State v. Benson, 323 N.C. 318, 325, 372 S.E.2d 517, 521 (1988). 
If a proposed nonstatutory mitigating circumstance is subsumed in
other statutory or nonstatutory mitigating circumstances which
are submitted, it is not error for the trial court to refuse to
submit it.  Id. at 327, 372 S.E.2d at 521-22.
With regard to the proposed circumstances that
defendant had long-standing alcohol and cocaine abuse problems,
we conclude that both were subsumed by other circumstances
-26-
submitted to the jury.  The trial court submitted the following
nonstatutory mitigating circumstances:  (1) defendant has
suffered and suffers from a mixed substance abuse problem; (2)
the crime was committed while defendant was under the influence
of alcohol; (3) the crime was committed while defendant was under
the influence of crack-cocaine; and (4) defendant's use of
alcohol and drugs had an effect on his behavior.  The trial court
further submitted the statutory (f)(2) mitigating circumstance,
"[t]he murder was committed while this defendant was under the
influence of mental or emotional disturbance," and the statutory
(f)(9) "catchall" mitigating circumstance, "[a]ny other
circumstance or circumstances arising from the evidence which any
one of you deems to have mitigating value."  Because these
submitted mitigating circumstances subsumed both proposed
circumstances in question, the trial court did not err by
refusing to submit them. 
The proposed circumstance that defendant's use of
alcohol and drugs tended to make him act violently was also
subsumed in submitted mitigating circumstances.  The trial court
submitted as nonstatutory mitigating circumstances:  (1)
defendant's use of alcohol and drugs had an effect on his
personality, and (2) defendant's use of alcohol and drugs had an
effect on his behavior.  Further, as indicated above, the trial
court also submitted the statutory (f)(2) circumstance that the
crime was committed while defendant was under the influence of a
mental or emotional disturbance and the (f)(9) circumstance, the
catchall.  These circumstances allowed the jury to consider all
-27-
of the mitigating evidence raised by the proposed circumstance at
issue.
It is not clear that the proposed circumstance that
defendant was never given proper treatment for his psychological
problems has mitigating value, because there was no evidence that
defendant ever sought or requested such treatment.  Assuming the
proposed circumstance to be mitigating, however, it was subsumed
by the following nonstatutory circumstances that were submitted: 
(1) defendant suffered and suffers from a mixed substance abuse
problem, (2) defendant suffers from a severe personality
disorder, and (3) defendant has suffered from chronic depression. 
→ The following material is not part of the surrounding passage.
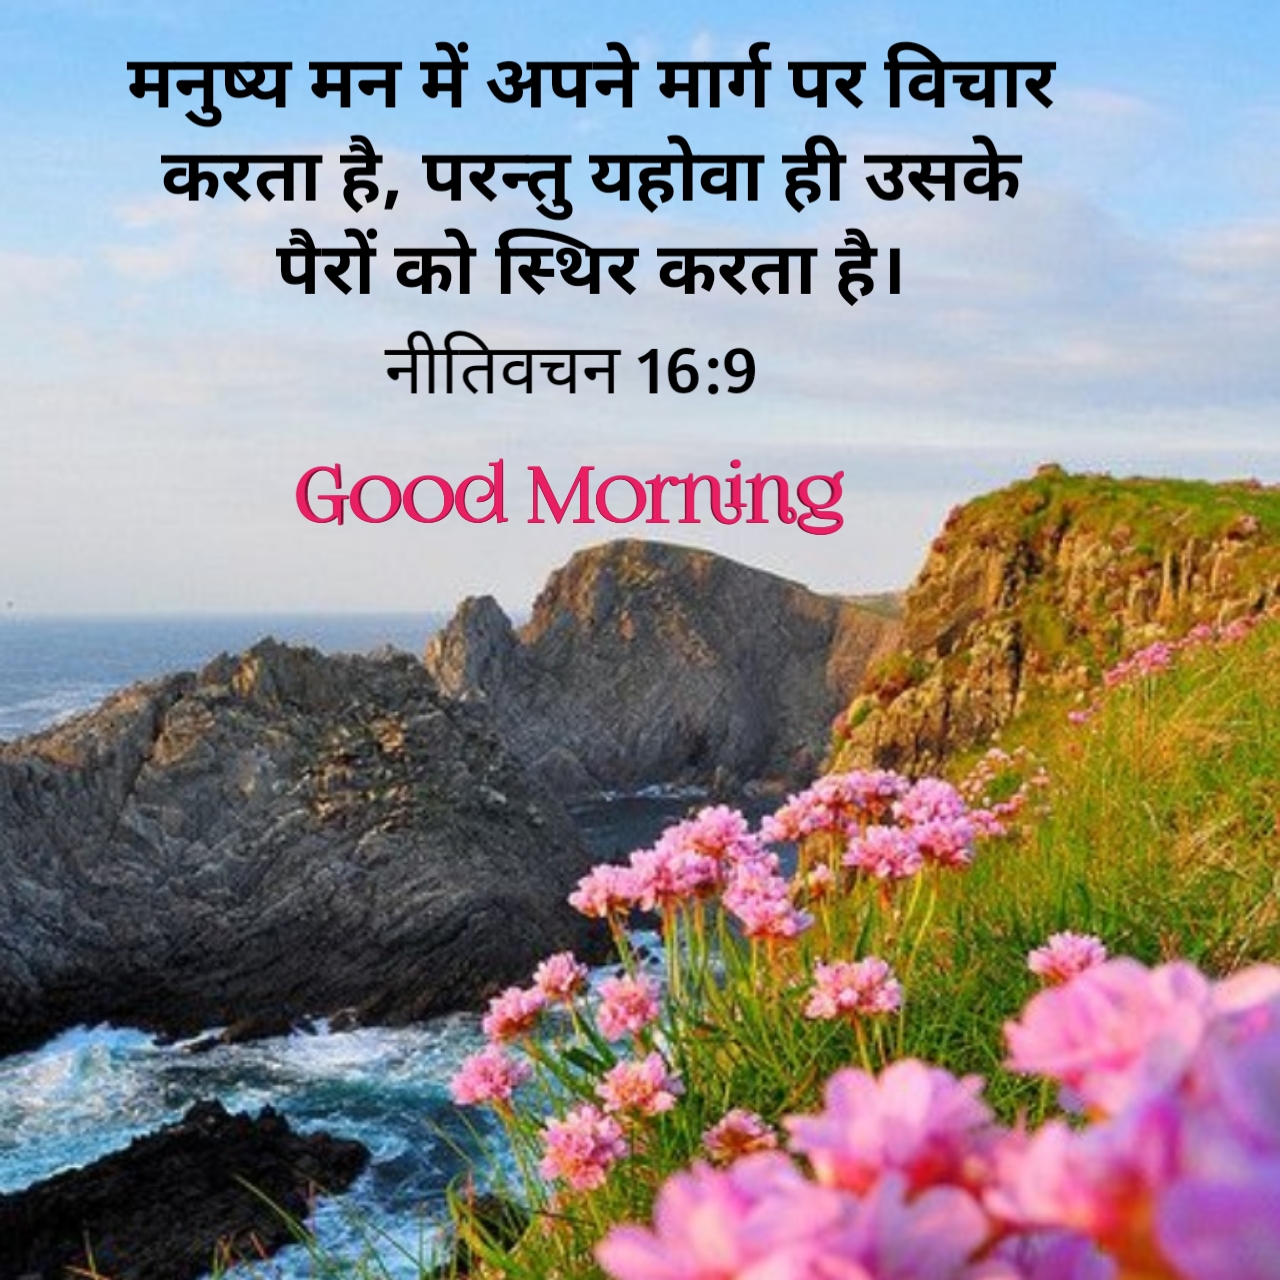 Good morning bible verse quotes images in hindi - Click Bible

In addition, the (f)(9) circumstance allowed further
consideration of any mitigating evidence raised by this proposed
circumstance. 
The proposed mitigating circumstance that defendant has
had a positive influence on other inmates was subsumed by the
following nonstatutory circumstances that were submitted:  (1)
defendant has exhibited good conduct in jail following his
arrest, and (2) defendant has helped other inmates develop their
religious faiths.
Finally, the proposed mitigating circumstance that
defendant has sought forgiveness from God was subsumed in the
following circumstance:  since his arrest, defendant has sought
forgiveness for his crimes.  This circumstance, combined with the
(f)(9) catchall circumstance, provided an adequate vehicle for
the jury to consider the mitigating value of this evidence.  This
assignment of error is overruled.
-28-
Defendant next assigns error to the trial court's
refusal to peremptorily instruct the jury with respect to one
statutory and ten nonstatutory mitigating circumstances.  "[A]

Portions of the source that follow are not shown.